Principal component analysis PCA is PC1 or PC1 + PC2

I saw that PCA=∑ (PC1 + PC2) is used in the literature, and there are also values describing the PCA score. How should the PCA score be calculated? . . . . . .

A review of the steps for PCA:

1. Determine the number of principal components

2. Extract principal components

3. Principal component rotation

4. Obtain the principal component score

Table of Contents

PC1 case

1. Determine the number of principal components

2. Extract principal components

3. Principal component rotation

4. Obtain the principal component score

PC2 case PC1 + PC2

1. Determine the number of principal components

2. Extract principal components

3. Principal component rotation

4. Obtain the principal component score


PC1 Case

1, determine the number of principal components

Data Format

rm(list = ls())
library(psych)
data <- USJudgeRatings
fa.parallel(USJudgeRatings[,-1], fa="pc",
            n.iter=100,
            show.legend=FALSE,
            main="Scree plot with parallel analysis")

Judgment Note: The Kaiser-Harris criterion recommends retaining principal components with eigenvalues greater than 1. Components with eigenvalues less than 1 explain less variance than the variance contained in a single variable. Cattell’s scree test plots eigenvalues and principal components.

Interpretation of results; evaluation of the number of principal components to be retained in US judge scores. Gravel plot (straight line vs.
x
symbol), large eigenvalues

At
1
criterion (horizontal line) and
100
Parallel analyzes (dashed lines) of sub-simulations all show that retaining one principal component is enough

2, extract principal components
principal(r, nfactors=, rotate=, scores=)
r is the correlation coefficient matrix or original data matrix;
nfactors sets the principal component number (default is 1);
rotate specifies the rotation method (default maximum variance rotation (varimax));
scores sets whether principal component scores need to be calculated (not required by default). 

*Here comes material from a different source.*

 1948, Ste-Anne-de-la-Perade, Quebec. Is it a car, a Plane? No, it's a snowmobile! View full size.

Extract principal components

pc <- principal(USJudgeRatings[,-1], nfactors = 1)
pc
Principal Components Analysis
Call: principal(r = USJudgeRatings[, -1],<strong> nfactors = 1</strong>)
Standardized loadings (pattern matrix) based upon correlation matrix
      PC1 h2 u2 com
INTG 0.92 0.84 0.1565 1
DMNR 0.91 0.83 0.1663 1
DILG 0.97 0.94 0.0613 1
CFMG 0.96 0.93 0.0720 1
DECI 0.96 0.92 0.0763 1
PREP 0.98 0.97 0.0299 1
FAMI 0.98 0.95 0.0469 1
ORAL 1.00 0.99 0.0091 1
WRIT 0.99 0.98 0.0196 1
PHYS 0.89 0.80 0.2013 1
RTEN 0.99 0.97 0.0275 1

                 PC1
SS loadings 10.13
Proportion Var 0.92

Mean item complexity = 1
Test of the hypothesis that 1 component is sufficient.

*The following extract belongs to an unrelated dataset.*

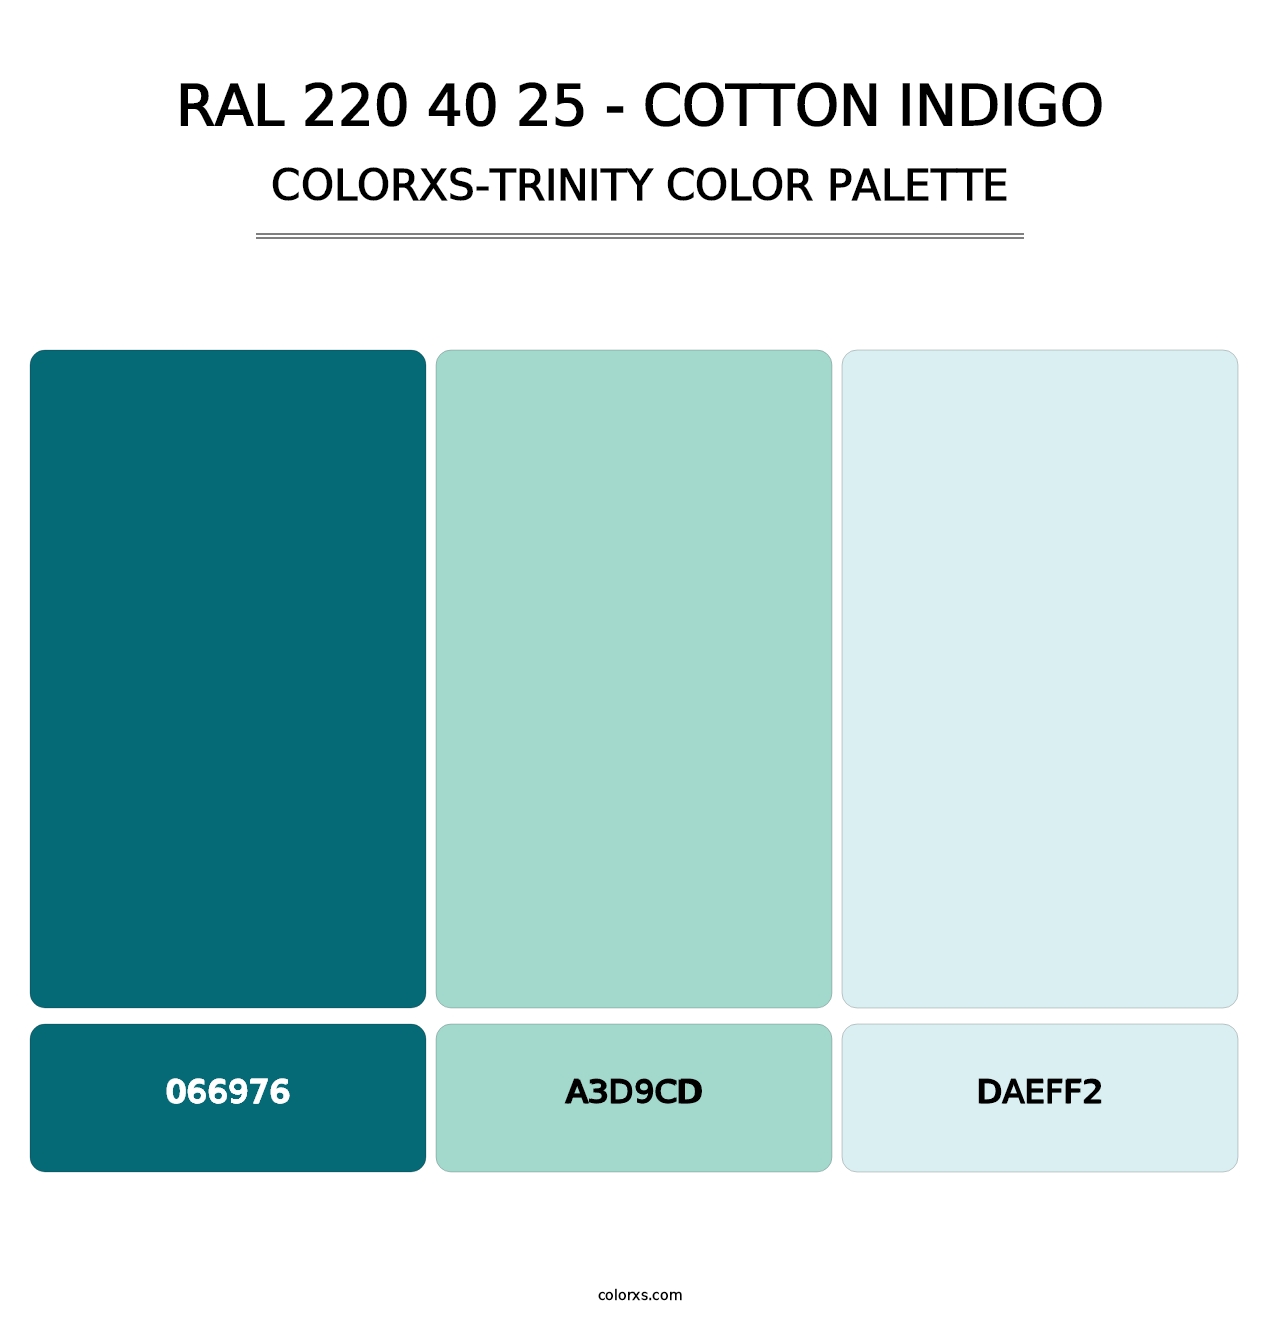 RAL 220 40 25 - Cotton Indigo - Colorxs Trinity Palette

The root mean square of the residuals (RMSR) is 0.04
 with the empirical chi square 6.21 with prob < 1

Interpretation of results: Column PC1 contains component loadings, which refers to the correlation coefficient between observed variables and principal components. If more than one principal component is extracted, there will also be columns PC2, PC3, etc. Component loadings can be used to explain the meaning of principal components. It can be seen here that the first principal component (PC1) is highly correlated with each variable, that is, it is a dimension that can be used for general evaluation.

h2
Columns refer to ingredients
common factor
Variance – the degree of variance explained by the principal components for each variable.
u2
Columns refer to ingredients
uniqueness
–Variance

The proportion that cannot be explained by the principal components (
1-
h2
). For example, physical fitness (
PHYS
)
80%
The variance of can be explained by the first principal component,

20%
cannot. in comparison,
PHYS
It is the variable with the worst representation using the first principal component.

SS loadings
Rows contain eigenvalues associated with principal components, referring to the normalized eigenvalues associated with a specific principal component

Variance value (in this example, the value of the first principal component is
10
). at last,
Proportion Var
The rows represent the integers of each principal component

Explanation level of a data set. Here we can see that the first principal component explains
11
variables
92%
Variance.

3, principal component rotation
4, get the principal component score

In the American judge scoring example, we extracted a principal component based on 11 scoring variables in the original data.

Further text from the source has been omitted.